Davidson, 73, graduated from London High School, as it was known then, in 1958. The high school is now a part of the West Rusk County Consolidated Independent School District, and its mascot is the Raiders.
The lights were added to the football field in 1934, Davidson said, but the first documentation of the night games came in the form of several photos and captions in that 1935 yearbook. One yearbook page shows a score of “London 37, Garrison 0” with a caption that read: “Sporting the only field in Rusk County equipped for night football, the London Wildcats clawed the Garrison boys to the tune of 37 to 0.”
Two other photos show pictures of the London High School team on the football field at night. In one picture, the team is sitting on the sidelines with a caption that reads: “Future football heroes under London’s lighted football field.” In another photo that shows the team on the field, the caption read: “A night picture at the game between London and Arp.”

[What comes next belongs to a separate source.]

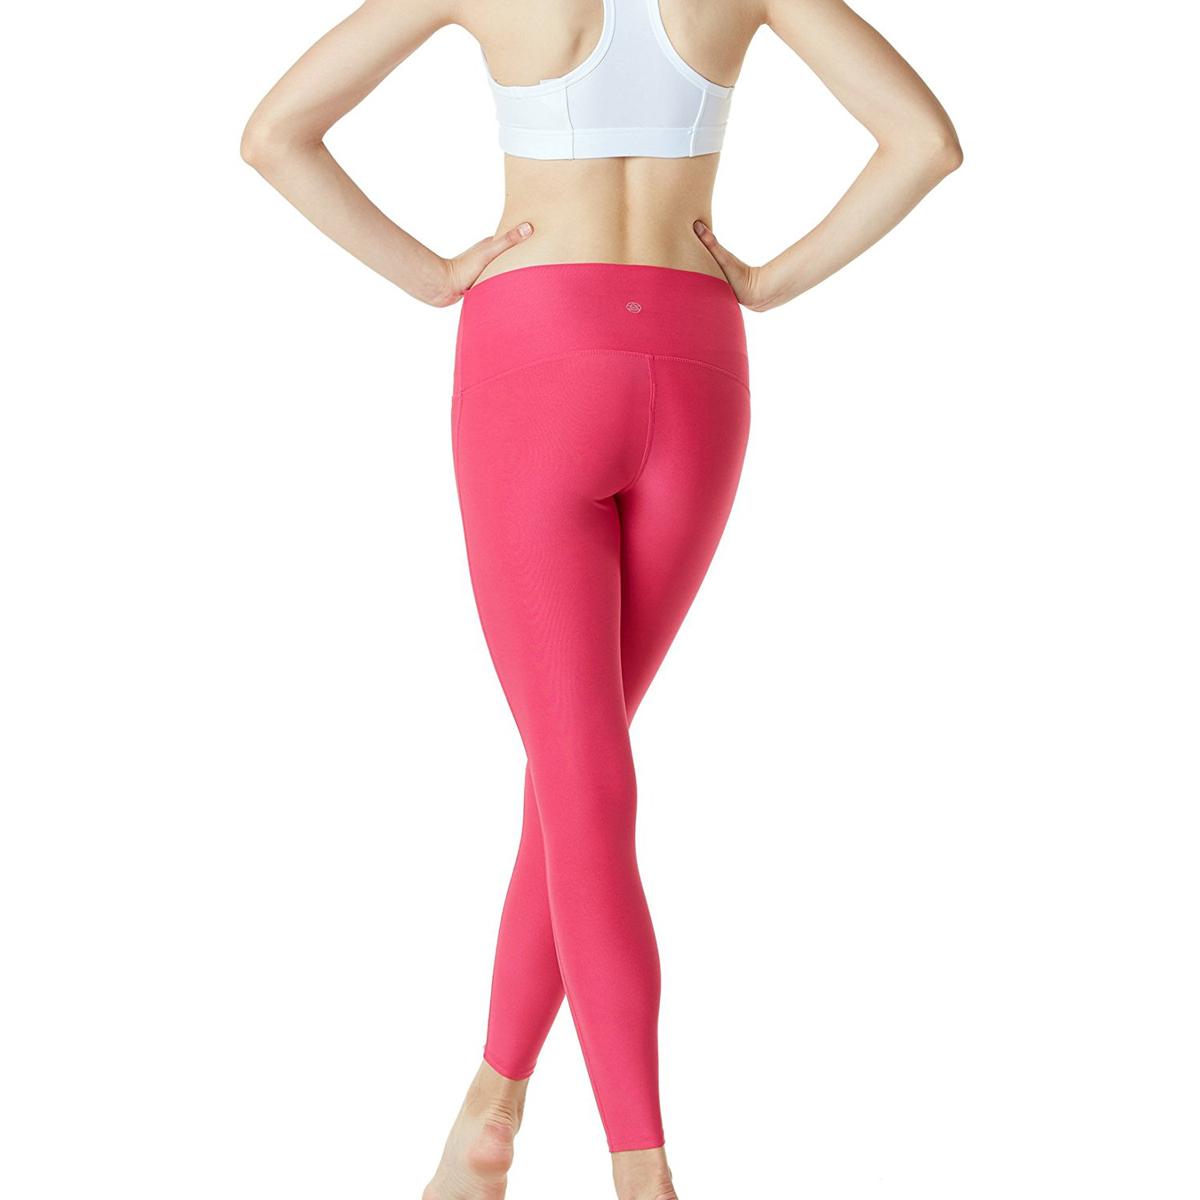 thumbnail 42 - TSLA Tesla FYP42 Women's High-Waisted Ultra-Stretch Tummy Control Yoga Pants

The lights on the football field might have come as a result of the huge East Texas oil boom that came during the 1930s and 1940s, and the school district was known as the richest in the state, Davidson said. In 1937, the taxable property value in the district was $20 million, according to information posted on the wall in the London Museum.
During those oil boom days, athletes used a whirlpool. A handball court was in the gym, everyone got a letter jacket, and each band instrument was furnished, according to information received from the museum. Ballplayers enjoyed chicken fried steak after away games, too.
The New London school district continued to thrive, even after the 1937 school gas explosion, until World War II. The East Texas oilfield began to decline, and some of the families who came in during the boom left, according to the museum.
The new West Rusk school district stadium was completed in 2012 at a cost of $4.5 million with seating for 2,600 fans, Superintendent Tommy Alexander said.
And a sign there pays homage to its history. It says: “Home of the Original Friday Night Lights.”